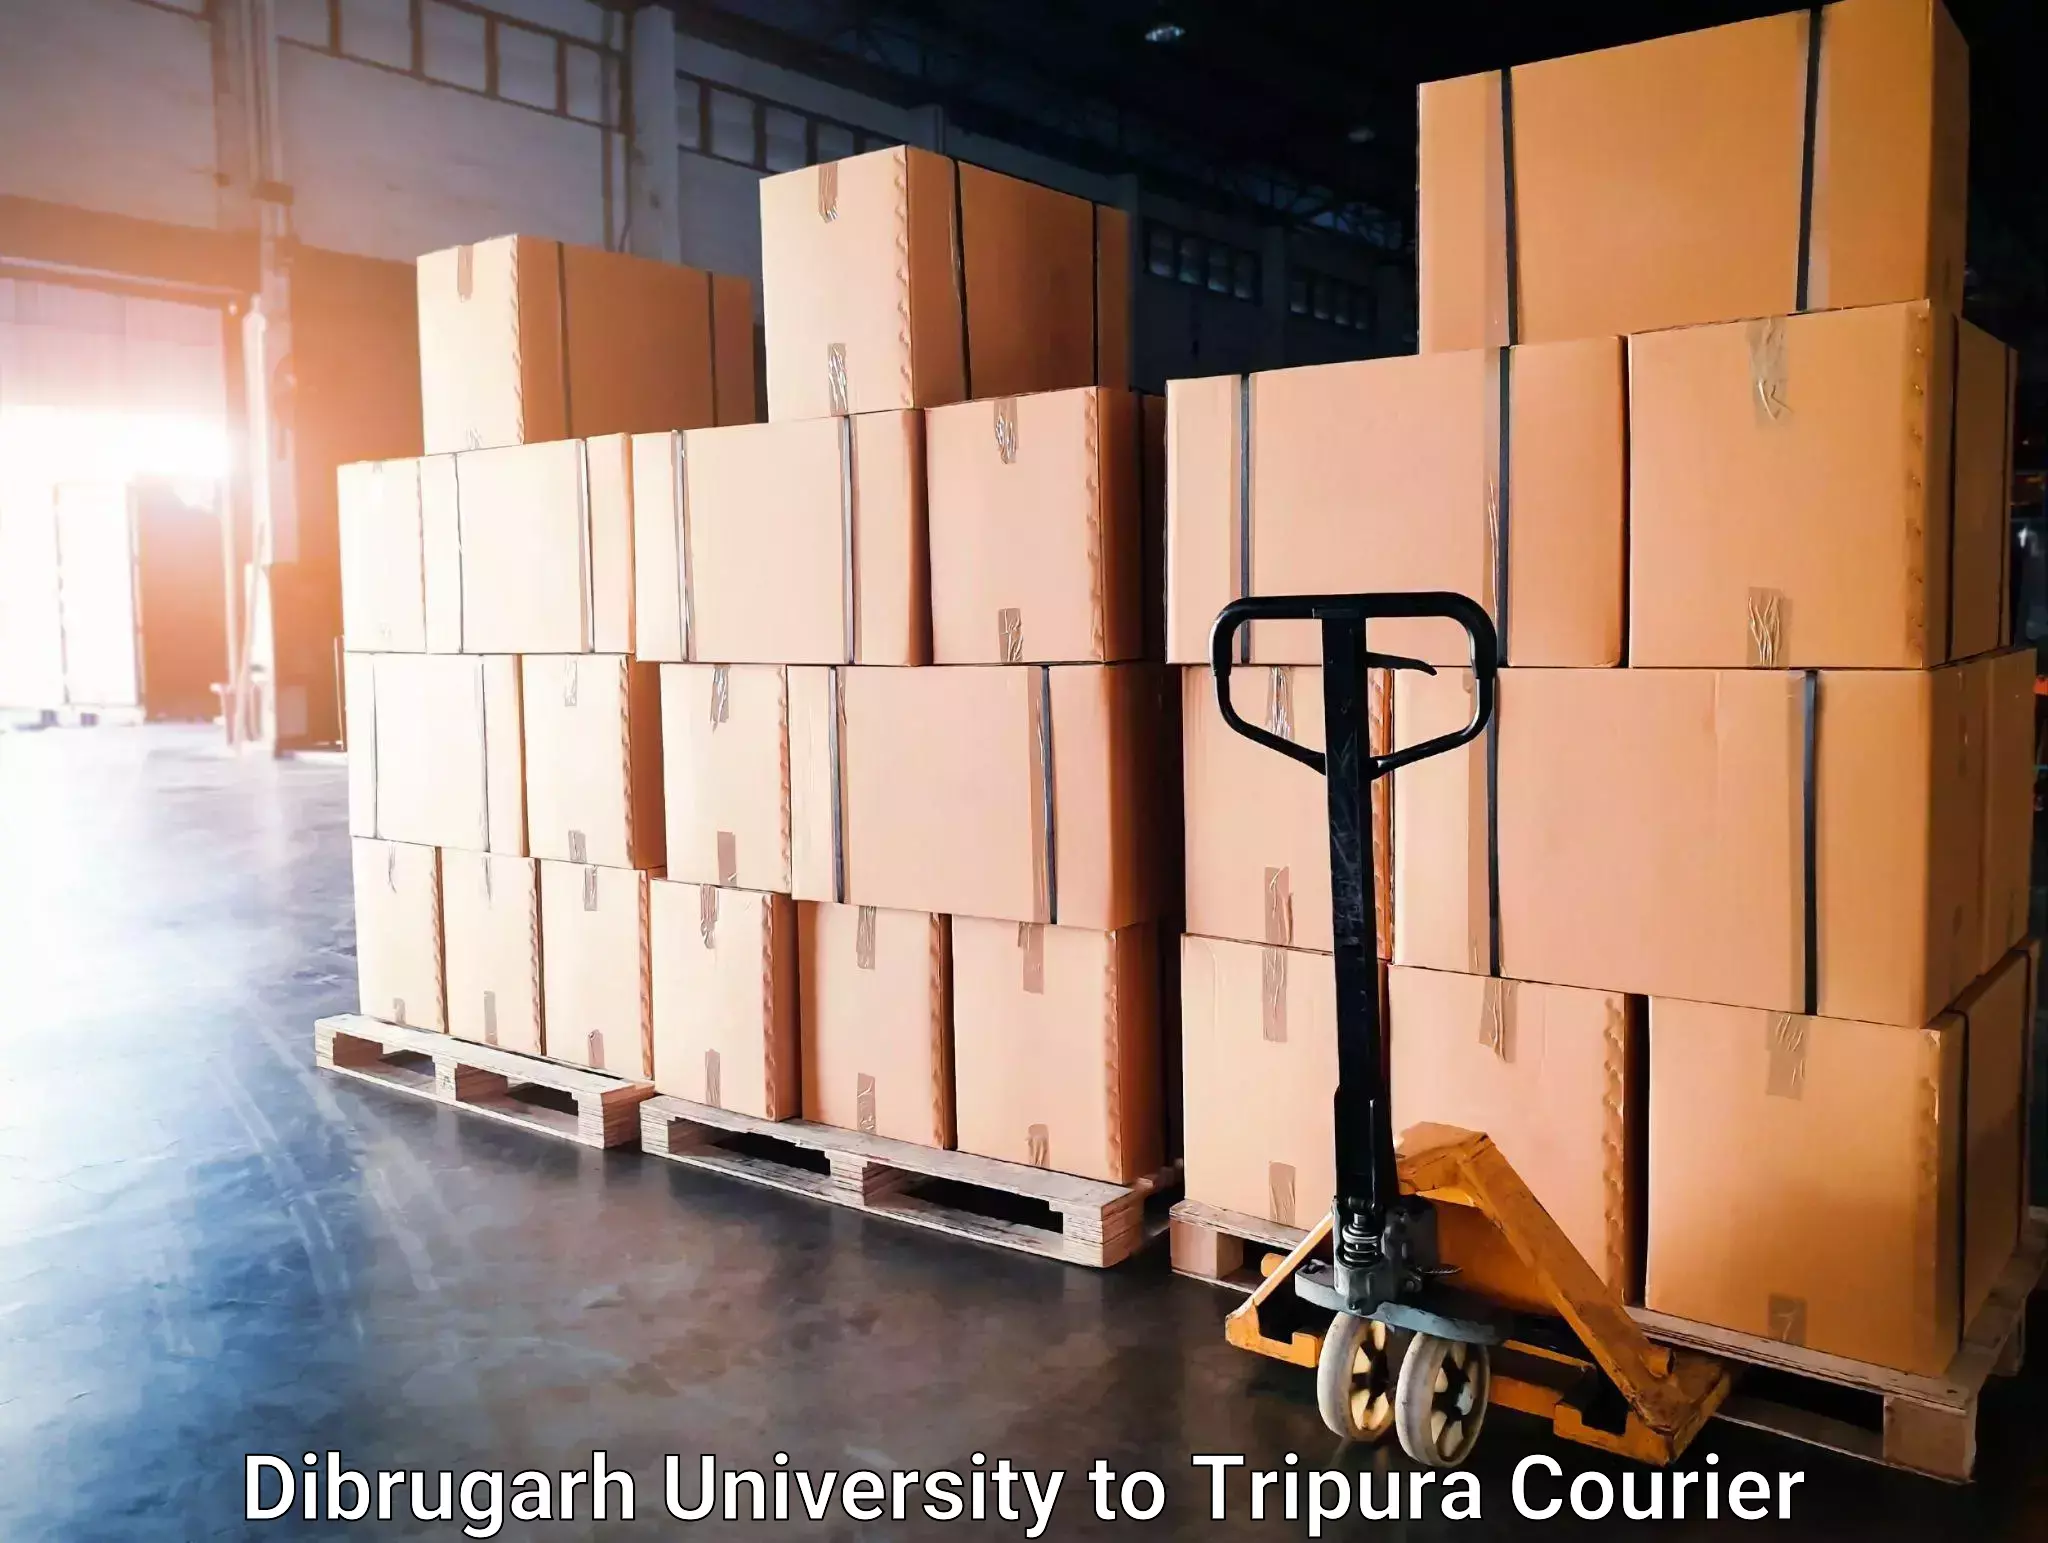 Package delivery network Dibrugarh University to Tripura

--

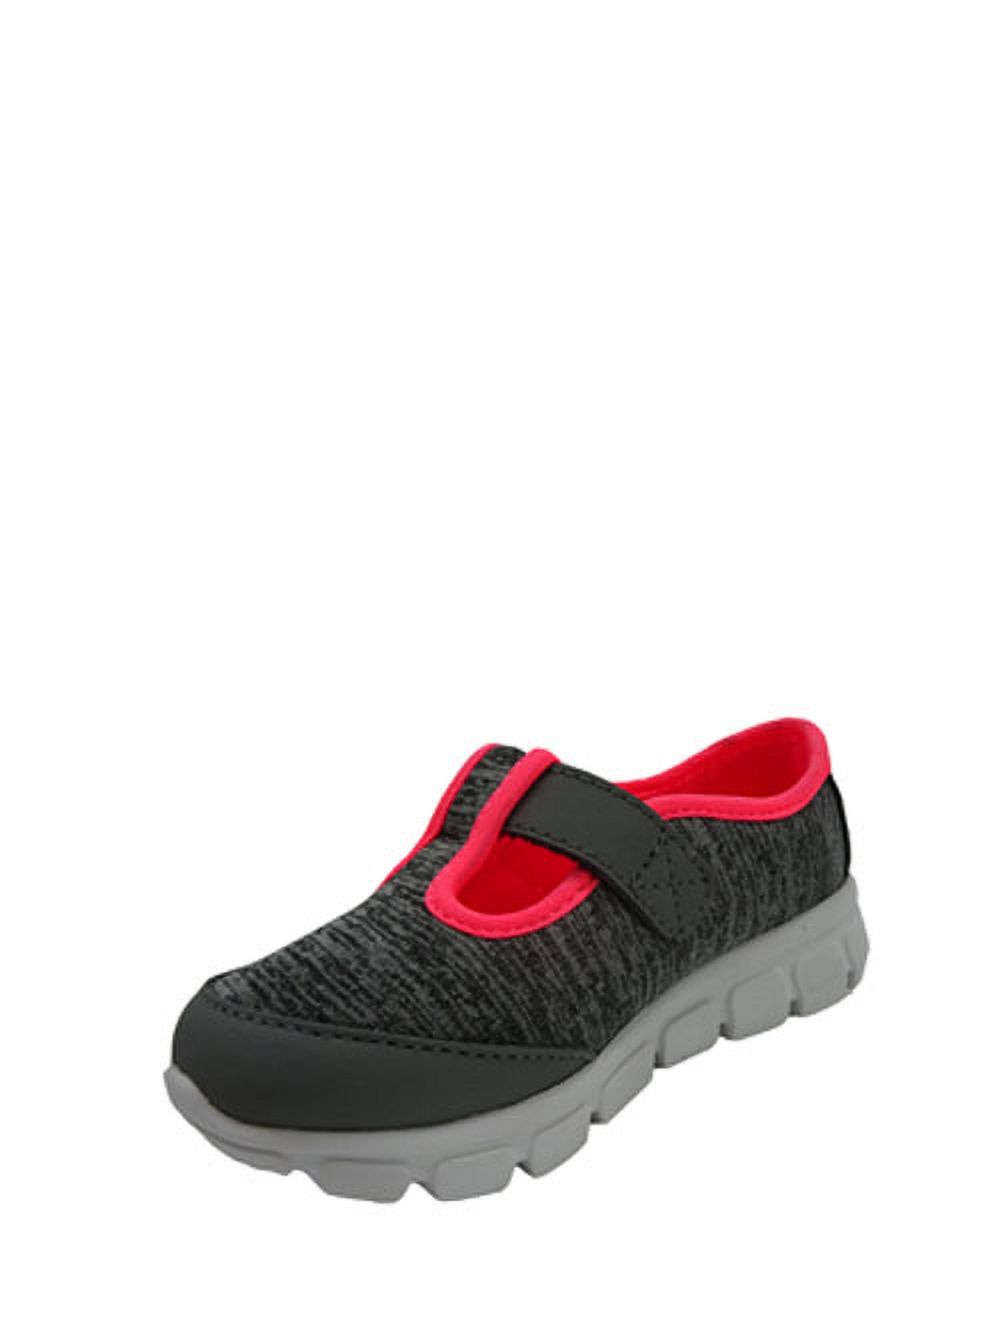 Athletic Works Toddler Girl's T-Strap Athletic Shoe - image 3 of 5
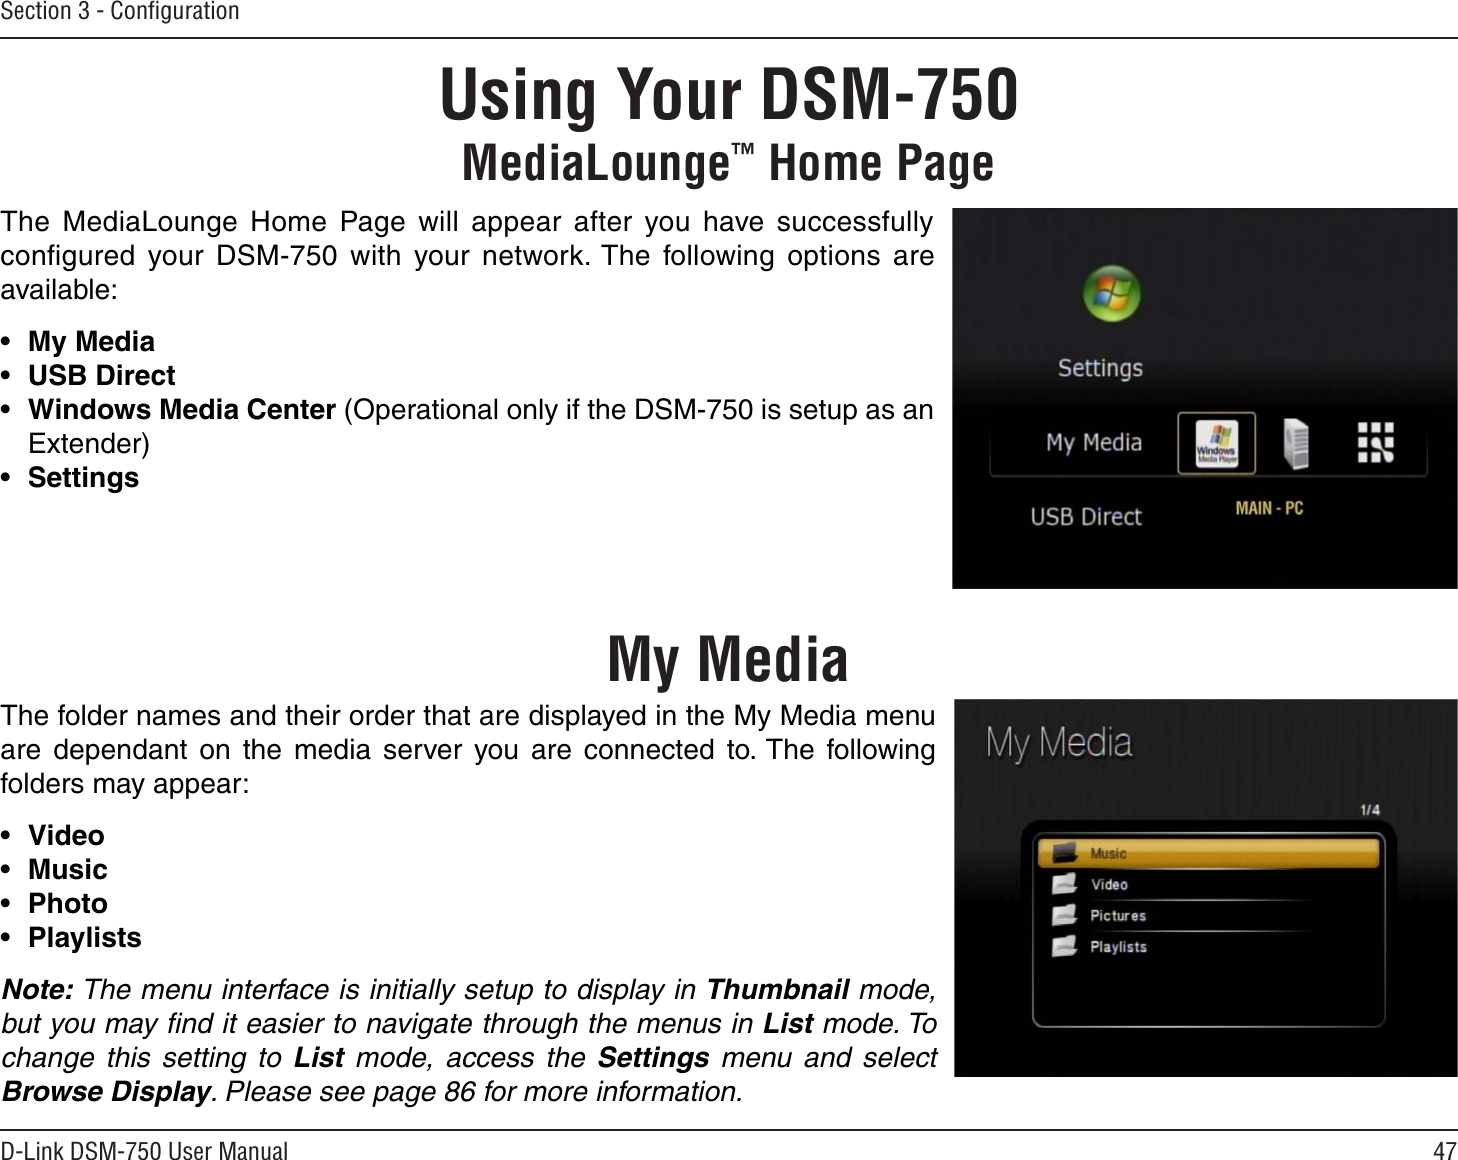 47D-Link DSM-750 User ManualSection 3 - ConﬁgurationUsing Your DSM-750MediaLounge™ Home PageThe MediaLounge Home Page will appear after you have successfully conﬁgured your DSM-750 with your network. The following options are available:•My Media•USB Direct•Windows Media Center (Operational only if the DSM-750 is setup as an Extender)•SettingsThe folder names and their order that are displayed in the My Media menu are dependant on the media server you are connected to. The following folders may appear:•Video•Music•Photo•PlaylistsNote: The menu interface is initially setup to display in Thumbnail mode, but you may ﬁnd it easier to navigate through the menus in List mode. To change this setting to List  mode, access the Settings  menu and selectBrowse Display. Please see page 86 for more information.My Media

— Problem to work on —
Start with the line with "Athletic Works Toddler" in the listing above and stop after the line with "47D-Link DSM-750 User". Write out exactly the lines in that stretch and no others, without pictures.

— Exercise response —
 Athletic Works Toddler Girl's T-Strap Athletic Shoe - image 3 of 5
 47D-Link DSM-750 User ManualSection 3 - ConﬁgurationUsing Your DSM-750MediaLounge™ Home PageThe MediaLounge Home Page will appear after you have successfully conﬁgured your DSM-750 with your network. The following options are available:•My Media•USB Direct•Windows Media Center (Operational only if the DSM-750 is setup as an Extender)•SettingsThe folder names and their order that are displayed in the My Media menu are dependant on the media server you are connected to. The following folders may appear:•Video•Music•Photo•PlaylistsNote: The menu interface is initially setup to display in Thumbnail mode, but you may ﬁnd it easier to navigate through the menus in List mode. To change this setting to List  mode, access the Settings  menu and selectBrowse Display. Please see page 86 for more information.My Media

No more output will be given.